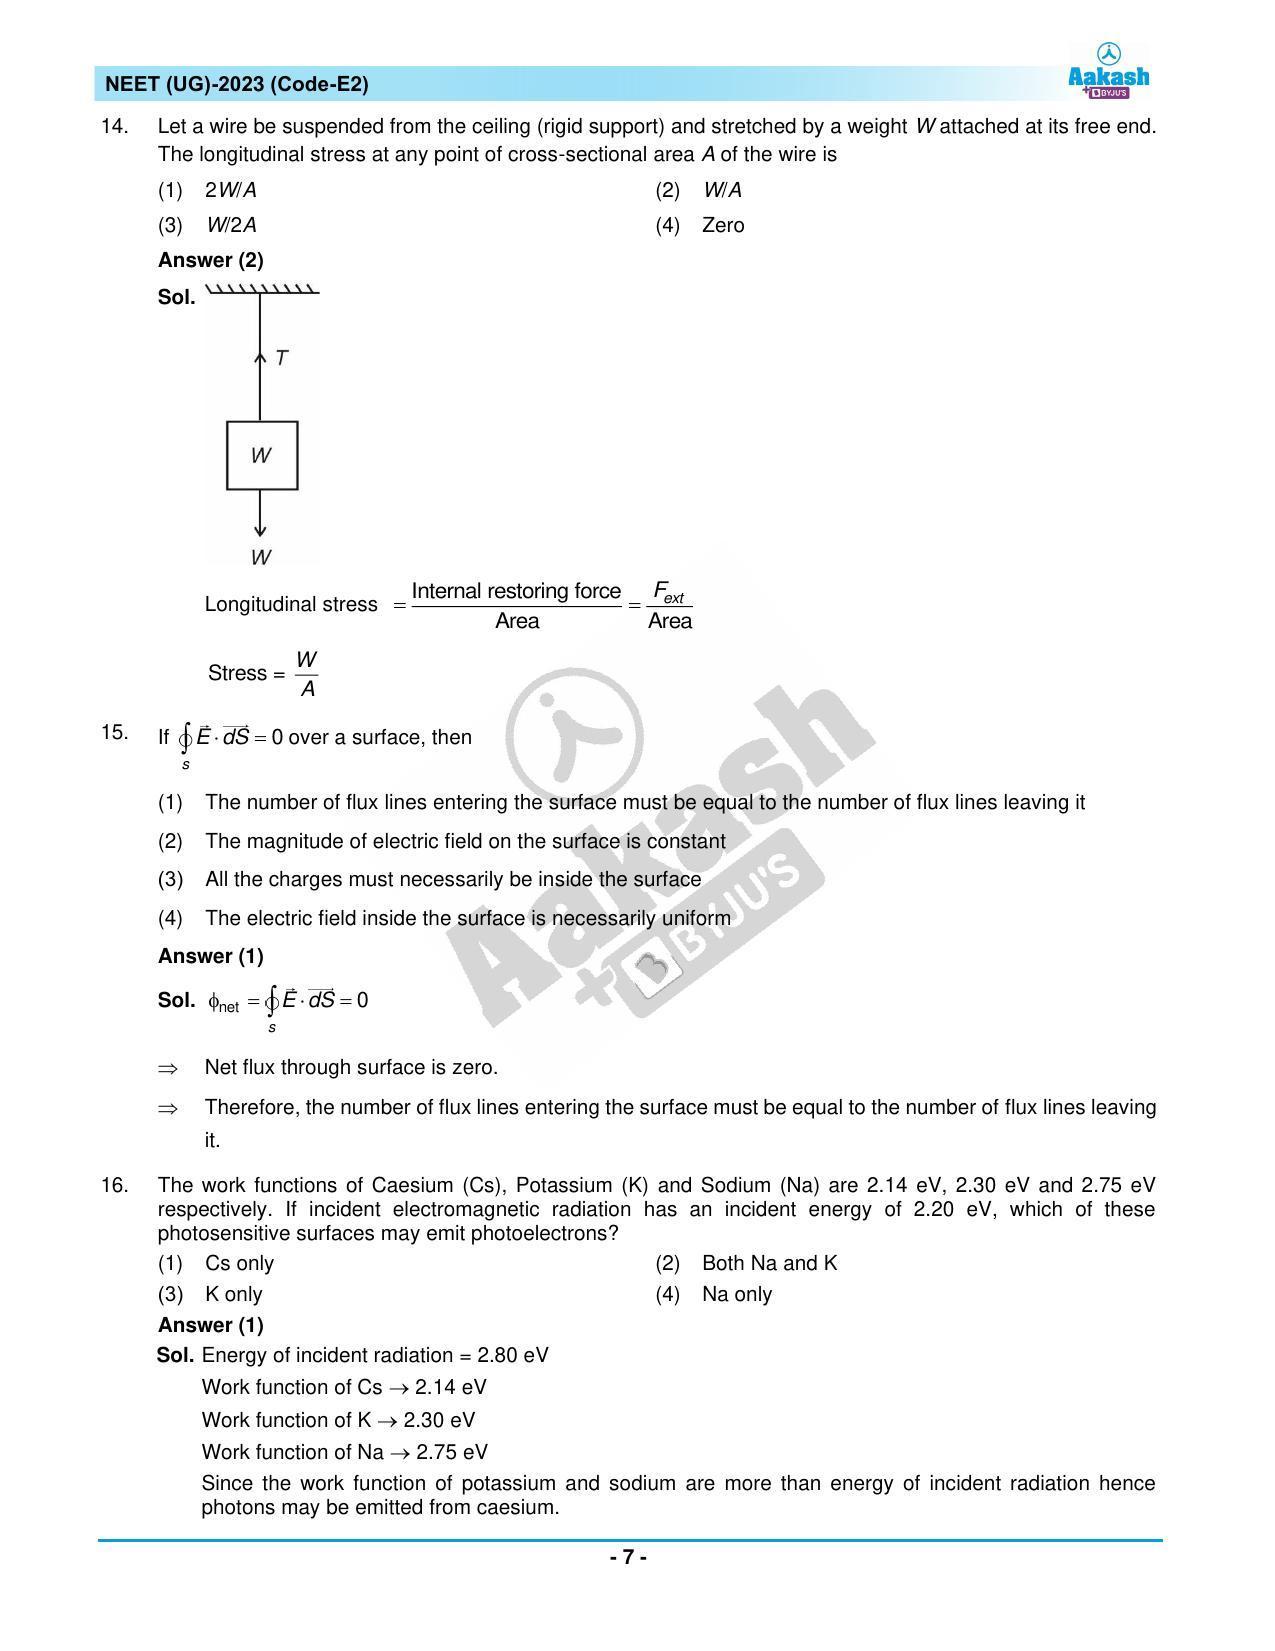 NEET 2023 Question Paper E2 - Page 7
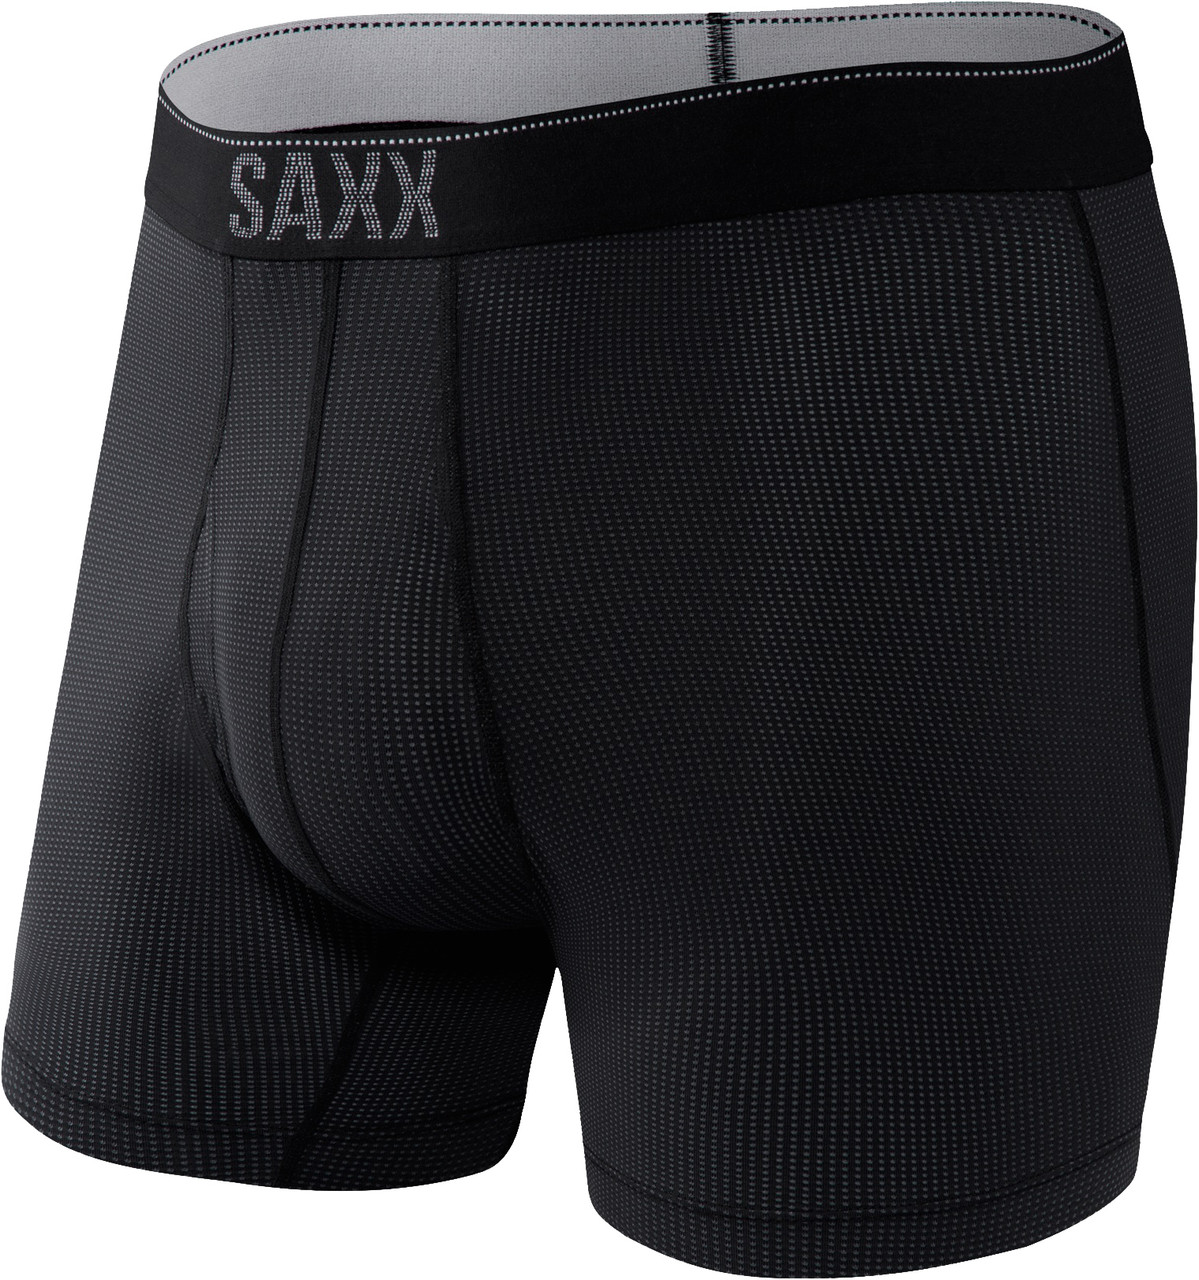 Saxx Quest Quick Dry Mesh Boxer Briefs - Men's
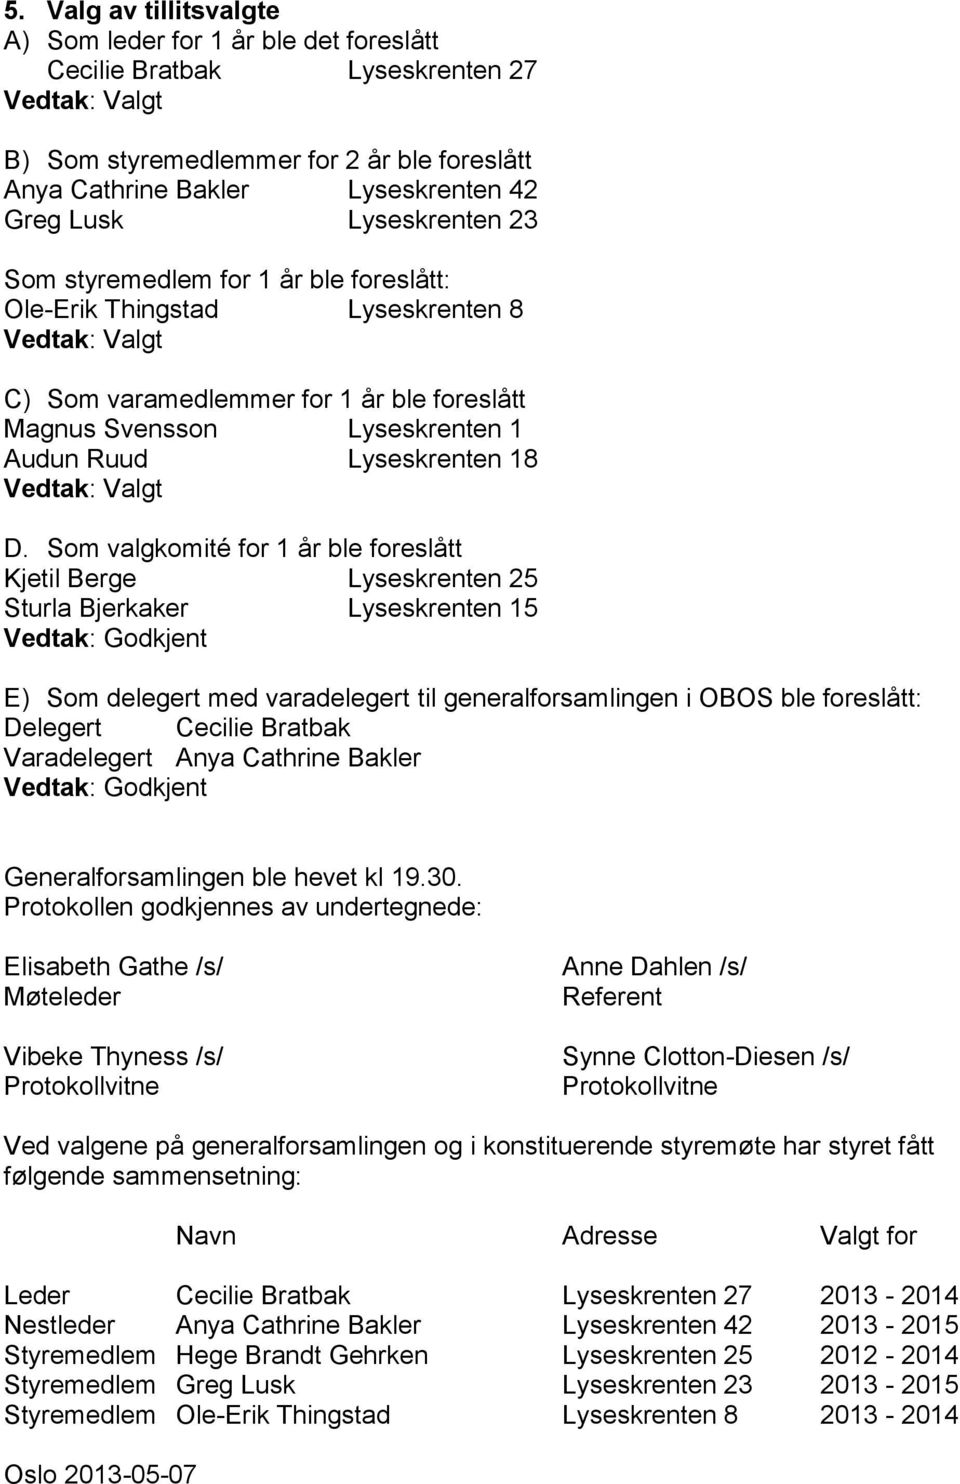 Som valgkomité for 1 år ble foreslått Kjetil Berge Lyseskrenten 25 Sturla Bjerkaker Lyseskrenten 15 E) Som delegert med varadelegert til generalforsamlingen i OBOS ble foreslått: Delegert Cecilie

* * *

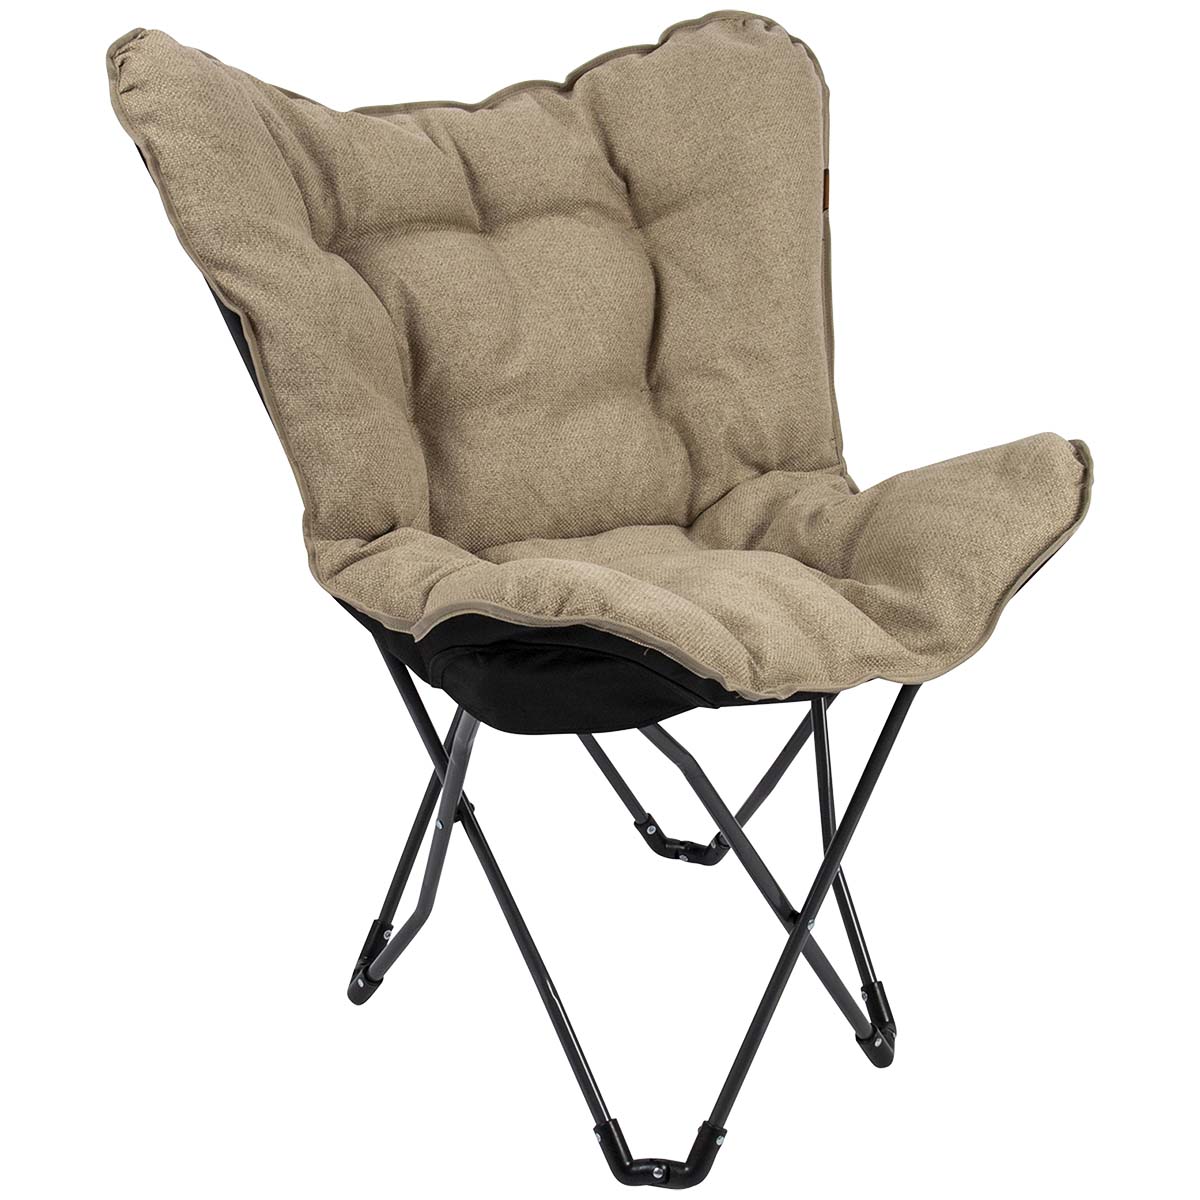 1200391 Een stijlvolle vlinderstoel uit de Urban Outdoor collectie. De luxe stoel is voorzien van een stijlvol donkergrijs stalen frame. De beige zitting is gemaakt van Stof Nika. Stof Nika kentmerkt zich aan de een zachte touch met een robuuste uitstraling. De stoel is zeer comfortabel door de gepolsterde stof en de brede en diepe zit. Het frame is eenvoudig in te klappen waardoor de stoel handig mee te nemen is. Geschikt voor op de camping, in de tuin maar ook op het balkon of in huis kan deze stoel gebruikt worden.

* * *

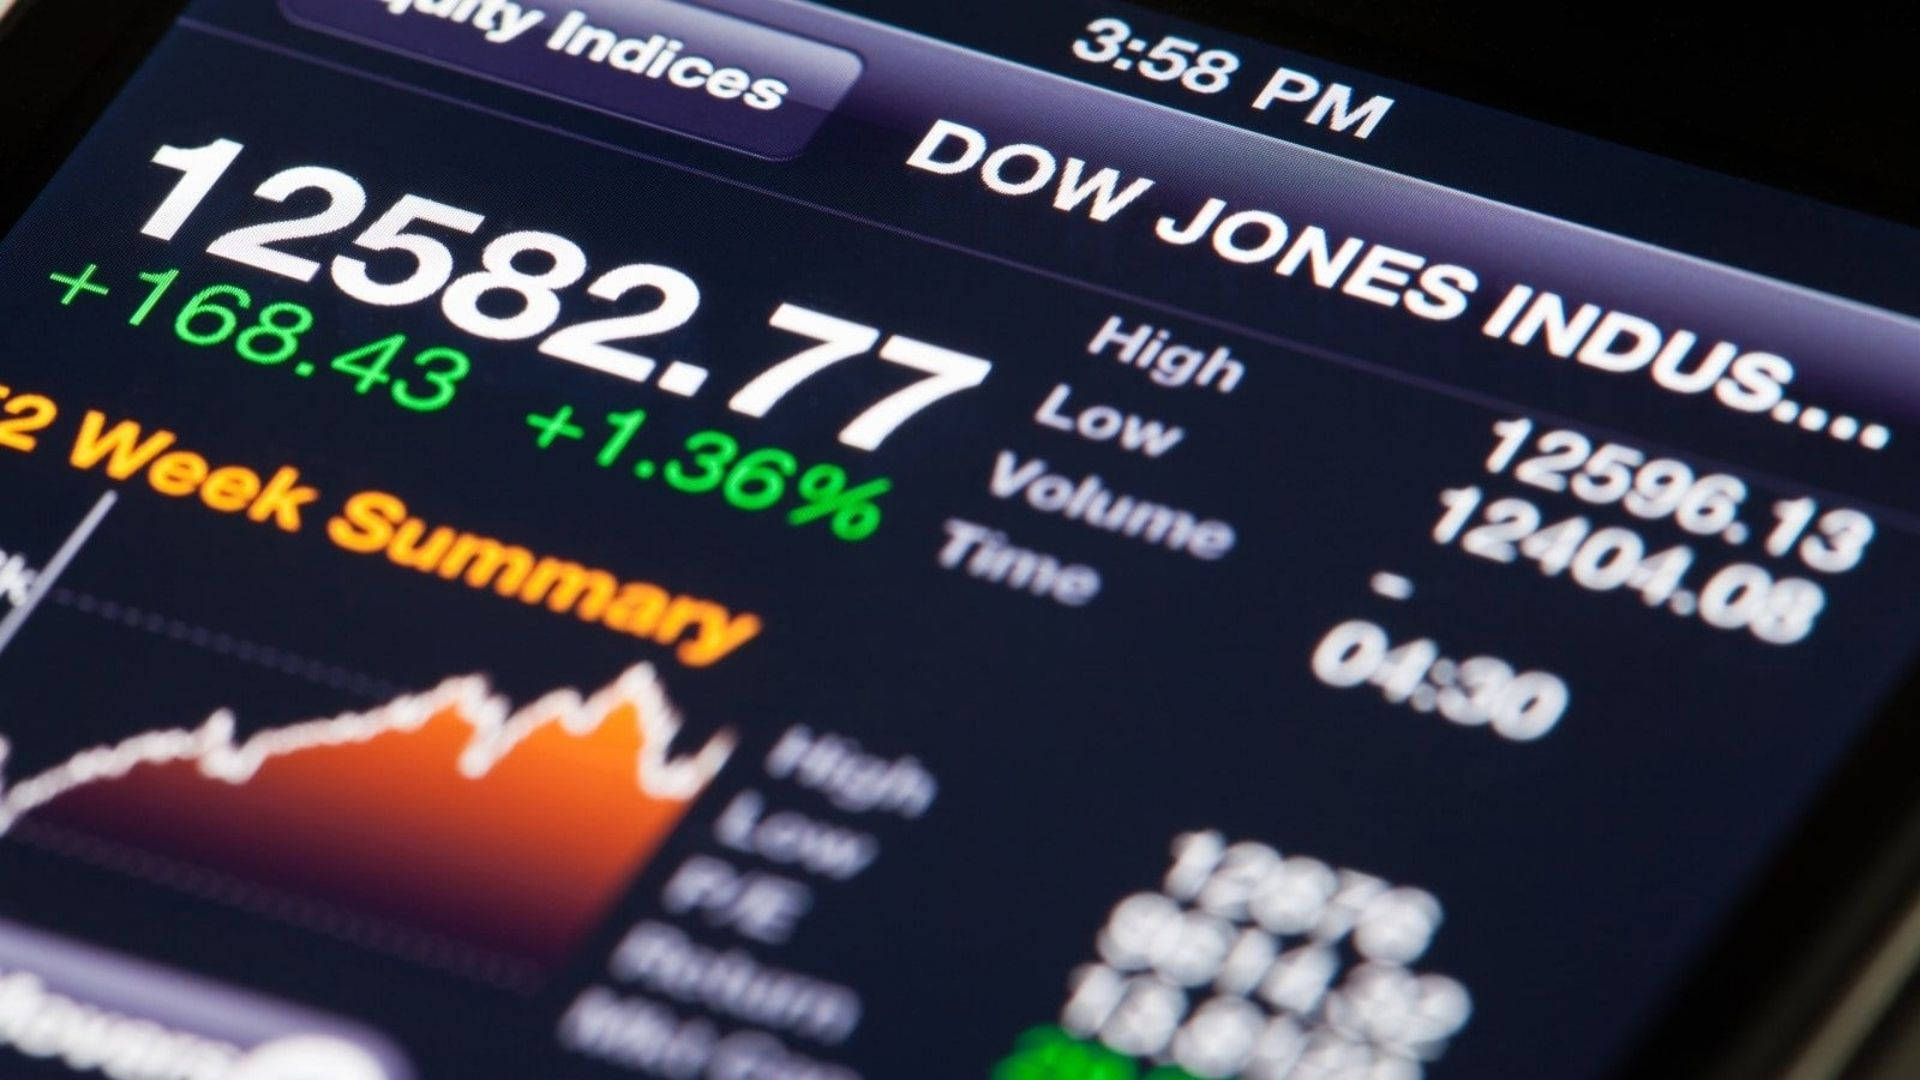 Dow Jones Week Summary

== Task ==
Starting at the line above with "NEET 2023 Question Paper E2 - Page 7", output every line exactly up to and including the line with "Som valgkomité for", but none of the pictures.

== Response to the task ==
 NEET 2023 Question Paper E2 - Page 7
 Saxx Quest Quick Dry Mesh Boxer Briefs - Men's
 Som valgkomité for 1 år ble foreslått Kjetil Berge Lyseskrenten 25 Sturla Bjerkaker Lyseskrenten 15 E) Som delegert med varadelegert til generalforsamlingen i OBOS ble foreslått: Delegert Cecilie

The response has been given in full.